She smiles proudly, looking down at the meal. “Chicken piccata, homemade pasta, roasted broccoli. I don’t know how you guys were eating it steamed, it’s so… fibrous,” she says, wrinkling that cute nose.
It only took, like, two days of eating her food to question how I was eating any of it before. I’m never going back. My first bite bursts on my tongue with tart, lemon flavor. “Fucking fantastic,” I moan.
She’s watching me with a keyed-up expression. “Good? Not too salty? I was a little concerned because I’m used to a different kind of kosher salt than what’s here—kitchens use Diamond and most home cooks have Morton—so I was worried that the salinity was a little off—”
“It’s perfect,” I say, cutting her nervous explanation short. The way she glows with satisfaction is enough to convince me that I should make a point to assure her how amazing everything is from now on. I like that look of contentment.
We fall into light conversation as we eat. I’m spearing one of the final few broccoli trees when I remember to update her on the change to my schedule. “Just so you know, I’ll be leaving a bit earlier and getting home a bit later for the next couple of days. We’re doing surveillance somewhere a little bit further, now.”
“Oh, okay,” she says, looking down at what’s left on her plate. “Is it just you doing surveillance?”
“It was before, but Dimitri’s helping now.” I sit back a little and regard her. “You know, he took the night shift. He’s never taken the night shift willingly like that.”
She tilts her head. “You said that with a certain emphasis but I don’t think I have enough context to understand what exactly you mean.”
“He said he did it so we could be together more, and he’s not a man predisposed to being soft or sentimental.”
At that, she laughs. “I’d never have guessed,” she says, the gentlest of roasts. “That was really nice of him.”
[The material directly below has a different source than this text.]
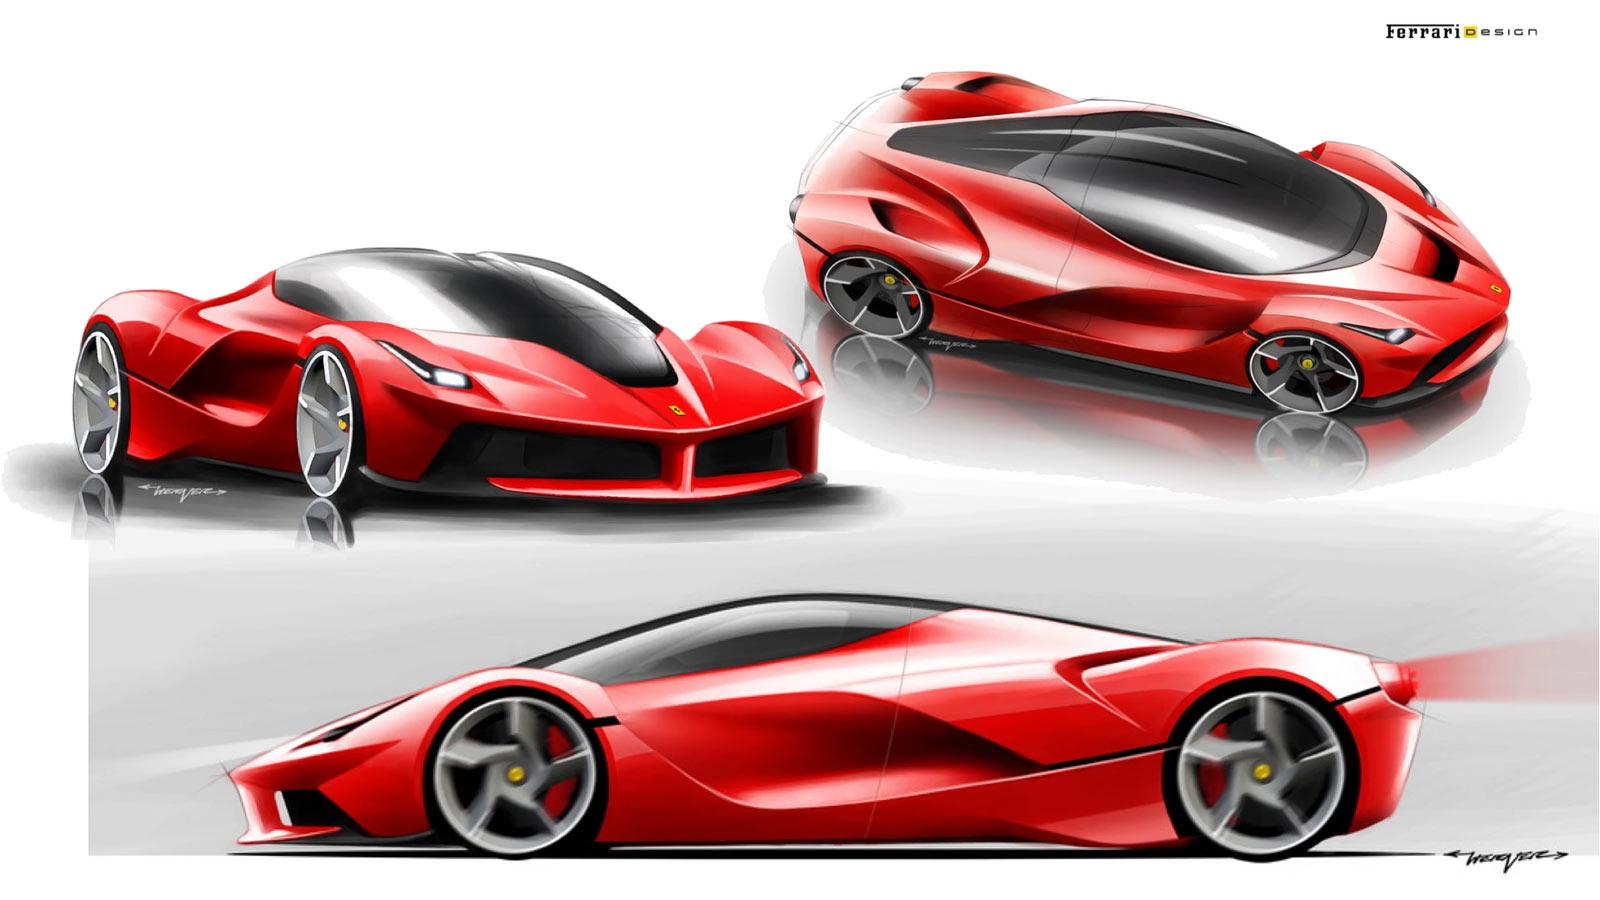 Ferrari458 Italia Design Sketch - Car Body Design |Ferrari Design Sketches

“It was. You must have won him over somehow.”
“I think it was the knives.” She smiles and pushes around the last broccoli piece, before spearing it on her fork. “I’m surprised Wesley can’t help with your surveillance. Isn’t hacking into people’s doorbell cameras kind of his wheelhouse?”
I snort. One of his favorite topics. “Do yourself a favor and don’t ask Wes about doorbell cameras, unless you like anti-establishment and personal privacy rants.”
At that, she smiles. “Love ‘em. And conspiracy theories.”
“Oh, really?” I push my plate away, finished. “Such as?”
“Well, have you heard about all the cheese they’re keeping in caves in Missouri? The government bailed out big dairy years ago and they’ve just been hoarding, like, a billion pounds of it.”
My smile turns doubtful and I blink at her. “Big dairy? Seriously?”
“It’s why there’s cheese so many places it doesn’t belong, like stuffed in the crust of a pizza that’s already topped with it—government subsidies. It’s a conspiracy,” she declares, crossing her arms as I chuckle. “I’m gonna find it one day. If I ever go missing, look for me in the gouda.”
“I’m going to look this up, you know,” I say, wearing a huge, amused grin. “I’m not just going to take you at your word.” I totally would.
“Good, you shouldn’t. If I had my phone, I’d send you some links.”
I laugh. “To answer your original question, no. Wes won’t hack doorbell cameras for this kind of thing—Dimitri and I can handle the watch. We need his RAM for more important things most of the time.”
“The anti-establishment stuff, I get. But why does he draw the line at doorbell cameras? Don’t you guys regularly do stuff that’s pretty invasive? And isn’t he, like, a hacker? Seems like getting into places he isn’t invited is kind of the idea.”
I shrug and collect both of our plates to go start washing up. “We all have those lines we won’t cross.”
Her laugh is more of a bark, like she didn’t mean to make the noise out loud and stopped herself. I throw her a look over my shoulder.
“You’re telling me there’s a line you won’t cross?” she asks, raising an eyebrow at me.
I pause, considering. I’d told myself no video inside her apartment was that line. But, really, combining looking in through her window and the audio from the bugs kind of made that a moot point. I haven’t dug through her past enough to know every single detail, but that’s just because she’s here with me now, and I don’t feel like I have to.
“For some things, maybe. But not when it comes to protecting the things that are mine.” I place the plates in the sink and turn around to face her. She’s sipping from her water glass. “There’s nothing I won’t do to protect you, Eleanor. I’m not the good guy, and I don’t want you to forget that. I’m the guy that would kill everyone just to save one person, if that one person is you.”
From the look on her face, I know she believes me. And I’m heartened by the flash of heat I see, however buried it is behind the discomfort.
“I know,” she says quietly. “But I also really hope we never have to put that to the test.”